Model of buckled silicene layer on a metal substrate (two colors are used for silicon atoms at different height positions).

3.3. Group VA Single-Element 2D Materials

Phosphorene was first produced by an exfoliation technique ^[98][103] and later fabricated in the method of molecular beam epitaxy on Au(111) substrate ^[99][104]. In work ^[99][104], clean Au(111) substrate was prepared by repeated Ar⁺ bombardment with ion energy of 1.5 keV at the pressure of about 1·10⁻⁵ Torr and subsequent annealing at 500 °C. Phosphorus was deposited by evaporation from a crucible containing bulk black phosphorus at 260 °C. During the deposition process, the substrate temperature was below 260 °C, so the initial growth stage involved the condensation of P₄ molecules from the gas phase onto Au(111) surface. Then, the system was annealed at 250 °C for 60 min until well-defined monolayer phosphorus with a hexagonal structure appeared ^[99][104]. This was achieved due to the close lattice parameters of phosphorene and the substrate (Figure 8).

Figure 8.

Model of phosphorene layer on a metal substrate (two colors are used for phosphorus atoms at different height positions).

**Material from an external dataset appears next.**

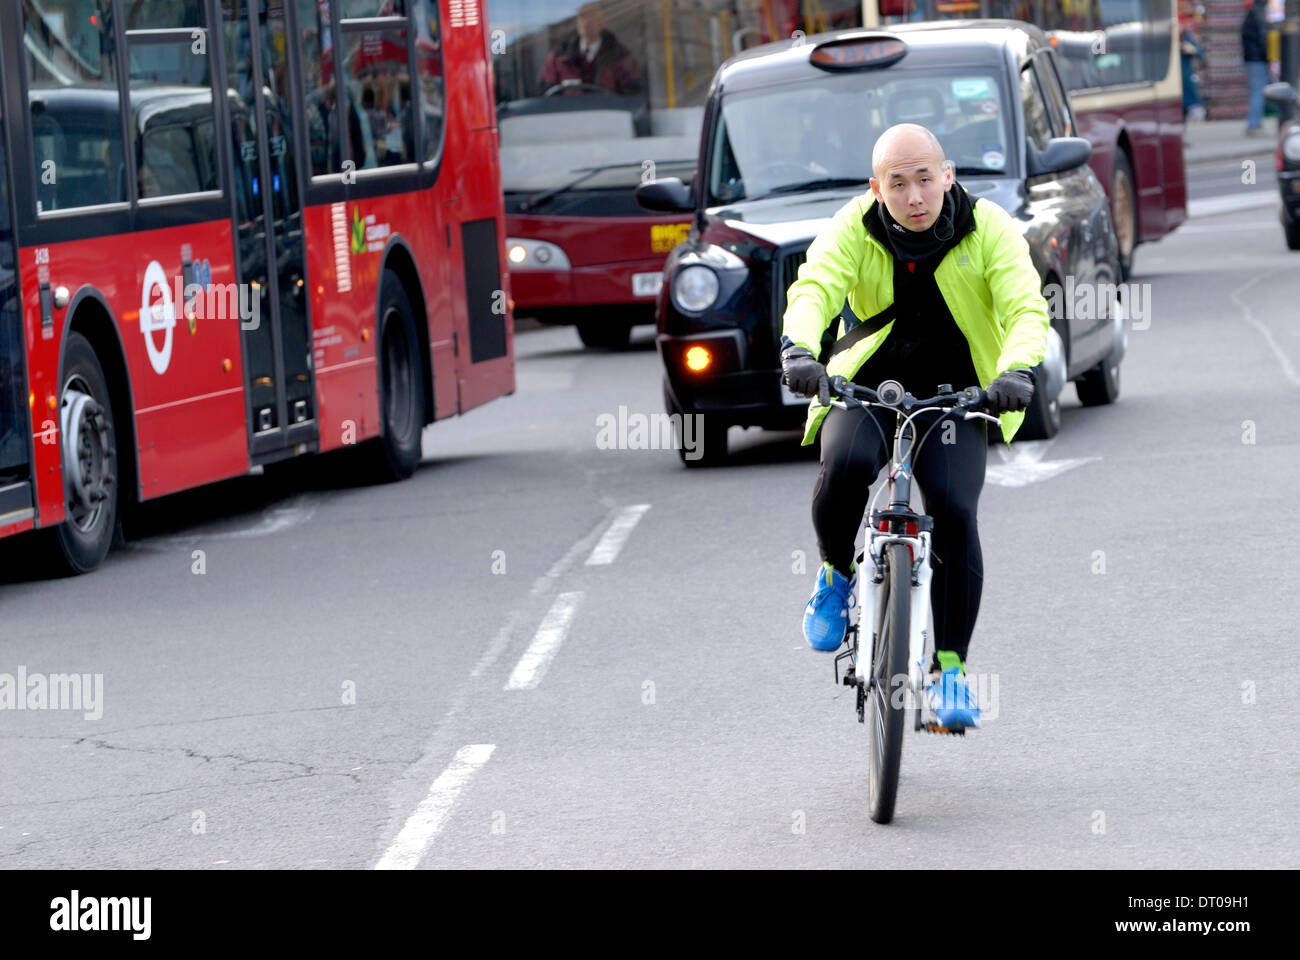 Londres, Angleterre, Royaume-Uni. Lorsque la circulation des cyclistes dans le centre de Londres (Trafalgar Square) sans casque Banque D'Images

3.4. Group VIA Single-Element 2D Materials

To date, selenene was synthesized only by physical vapor deposition on Si(111) substrate in the work ^[100][118].

Tellurene was first obtained on flexible mica substrates by van der Waals epitaxy in 2014 in ^[101][119]. Thereafter, tellurium was successfully grown heteroepitaxially on highly oriented pyrolytic graphite [89] and graphene ^[102][120] (Figure 9).

Figure 9.

Model of tellurene layer on a substrate (three colors are used for tellurium atoms at different height positions).